Problem requirements:
What you return must be every line from the beginning of the data through the line holding "Imágenes del hotel", unchanged.

Data provided:
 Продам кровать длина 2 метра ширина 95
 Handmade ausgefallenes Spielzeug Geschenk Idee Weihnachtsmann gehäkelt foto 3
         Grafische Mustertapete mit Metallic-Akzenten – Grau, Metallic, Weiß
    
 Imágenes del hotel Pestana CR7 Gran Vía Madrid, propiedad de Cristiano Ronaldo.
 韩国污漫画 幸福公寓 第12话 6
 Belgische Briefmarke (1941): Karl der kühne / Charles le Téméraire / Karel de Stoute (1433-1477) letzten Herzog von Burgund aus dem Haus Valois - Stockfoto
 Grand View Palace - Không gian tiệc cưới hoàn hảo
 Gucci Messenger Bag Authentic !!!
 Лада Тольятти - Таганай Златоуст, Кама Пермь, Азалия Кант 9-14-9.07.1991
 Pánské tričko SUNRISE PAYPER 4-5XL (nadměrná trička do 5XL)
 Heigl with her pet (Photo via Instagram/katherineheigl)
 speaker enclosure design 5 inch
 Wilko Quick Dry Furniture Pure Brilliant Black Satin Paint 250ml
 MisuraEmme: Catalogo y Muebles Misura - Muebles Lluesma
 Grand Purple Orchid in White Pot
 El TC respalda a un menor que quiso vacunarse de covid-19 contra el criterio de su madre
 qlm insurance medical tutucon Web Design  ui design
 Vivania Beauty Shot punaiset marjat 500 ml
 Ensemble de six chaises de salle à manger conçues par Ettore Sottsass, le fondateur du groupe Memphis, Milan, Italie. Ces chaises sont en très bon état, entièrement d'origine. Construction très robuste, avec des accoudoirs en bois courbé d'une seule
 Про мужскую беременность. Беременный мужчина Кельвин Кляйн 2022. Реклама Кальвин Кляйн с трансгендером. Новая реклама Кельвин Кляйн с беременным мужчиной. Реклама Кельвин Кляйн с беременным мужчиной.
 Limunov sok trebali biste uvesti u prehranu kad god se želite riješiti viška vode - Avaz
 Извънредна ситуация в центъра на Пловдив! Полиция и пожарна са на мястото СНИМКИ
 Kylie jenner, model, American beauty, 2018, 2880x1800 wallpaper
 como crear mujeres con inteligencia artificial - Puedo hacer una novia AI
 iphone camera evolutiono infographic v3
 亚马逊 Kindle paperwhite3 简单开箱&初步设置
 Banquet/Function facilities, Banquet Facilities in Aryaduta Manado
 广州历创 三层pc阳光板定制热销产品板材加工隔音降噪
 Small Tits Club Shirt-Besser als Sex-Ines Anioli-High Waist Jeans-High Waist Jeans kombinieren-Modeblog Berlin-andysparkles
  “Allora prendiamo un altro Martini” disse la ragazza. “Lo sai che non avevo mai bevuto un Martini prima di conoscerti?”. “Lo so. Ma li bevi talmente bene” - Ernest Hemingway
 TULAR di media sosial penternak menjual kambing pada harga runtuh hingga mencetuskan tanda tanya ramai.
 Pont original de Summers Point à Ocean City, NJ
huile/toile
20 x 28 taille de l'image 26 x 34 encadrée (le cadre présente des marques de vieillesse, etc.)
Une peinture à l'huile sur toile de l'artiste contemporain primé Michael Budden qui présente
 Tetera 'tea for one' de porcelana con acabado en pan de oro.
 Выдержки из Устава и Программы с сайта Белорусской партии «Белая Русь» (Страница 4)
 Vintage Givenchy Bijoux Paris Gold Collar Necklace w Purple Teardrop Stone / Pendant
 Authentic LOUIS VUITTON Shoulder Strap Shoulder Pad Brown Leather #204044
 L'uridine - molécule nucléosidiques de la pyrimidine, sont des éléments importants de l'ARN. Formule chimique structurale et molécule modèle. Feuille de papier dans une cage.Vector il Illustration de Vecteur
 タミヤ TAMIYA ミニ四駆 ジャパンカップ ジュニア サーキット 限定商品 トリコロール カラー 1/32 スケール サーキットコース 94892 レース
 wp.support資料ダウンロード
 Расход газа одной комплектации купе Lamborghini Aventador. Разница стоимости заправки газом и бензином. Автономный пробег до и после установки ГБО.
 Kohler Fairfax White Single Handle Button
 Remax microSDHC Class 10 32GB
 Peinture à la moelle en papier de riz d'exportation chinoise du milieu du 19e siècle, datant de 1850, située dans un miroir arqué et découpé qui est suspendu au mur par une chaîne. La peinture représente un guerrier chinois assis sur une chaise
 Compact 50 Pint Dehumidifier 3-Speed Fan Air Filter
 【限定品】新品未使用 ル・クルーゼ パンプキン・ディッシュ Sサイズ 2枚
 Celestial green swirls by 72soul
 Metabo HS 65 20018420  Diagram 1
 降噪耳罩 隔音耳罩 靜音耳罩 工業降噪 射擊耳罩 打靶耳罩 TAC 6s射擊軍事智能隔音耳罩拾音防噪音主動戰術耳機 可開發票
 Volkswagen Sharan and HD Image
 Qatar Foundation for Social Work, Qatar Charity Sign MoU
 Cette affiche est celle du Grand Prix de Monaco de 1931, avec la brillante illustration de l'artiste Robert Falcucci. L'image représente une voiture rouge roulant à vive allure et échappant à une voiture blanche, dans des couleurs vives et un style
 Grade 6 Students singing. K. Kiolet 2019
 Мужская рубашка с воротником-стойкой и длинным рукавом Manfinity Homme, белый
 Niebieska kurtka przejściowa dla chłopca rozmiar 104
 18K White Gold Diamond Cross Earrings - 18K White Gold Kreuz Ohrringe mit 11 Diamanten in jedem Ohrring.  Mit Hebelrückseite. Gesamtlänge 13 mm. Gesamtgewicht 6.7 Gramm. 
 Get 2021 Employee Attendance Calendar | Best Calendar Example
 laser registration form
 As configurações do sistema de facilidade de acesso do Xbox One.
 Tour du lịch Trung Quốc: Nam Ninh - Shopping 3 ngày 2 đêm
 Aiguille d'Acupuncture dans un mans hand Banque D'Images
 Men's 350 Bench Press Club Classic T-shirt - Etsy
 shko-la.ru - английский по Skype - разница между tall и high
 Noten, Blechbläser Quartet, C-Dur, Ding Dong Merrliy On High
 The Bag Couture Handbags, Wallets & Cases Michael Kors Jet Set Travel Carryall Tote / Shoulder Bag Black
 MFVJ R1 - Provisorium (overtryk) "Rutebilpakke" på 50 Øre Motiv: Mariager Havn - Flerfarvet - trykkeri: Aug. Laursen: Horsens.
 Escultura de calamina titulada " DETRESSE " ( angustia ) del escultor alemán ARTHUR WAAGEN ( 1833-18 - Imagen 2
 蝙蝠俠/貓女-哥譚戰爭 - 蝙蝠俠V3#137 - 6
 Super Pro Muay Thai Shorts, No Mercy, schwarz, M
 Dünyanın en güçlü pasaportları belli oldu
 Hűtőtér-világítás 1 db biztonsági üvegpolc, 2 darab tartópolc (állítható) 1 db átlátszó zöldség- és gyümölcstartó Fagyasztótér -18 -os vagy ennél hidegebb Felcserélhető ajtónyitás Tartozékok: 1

Completed exercise:
 Продам кровать длина 2 метра ширина 95
 Handmade ausgefallenes Spielzeug Geschenk Idee Weihnachtsmann gehäkelt foto 3
         Grafische Mustertapete mit Metallic-Akzenten – Grau, Metallic, Weiß
    
 Imágenes del hotel Pestana CR7 Gran Vía Madrid, propiedad de Cristiano Ronaldo.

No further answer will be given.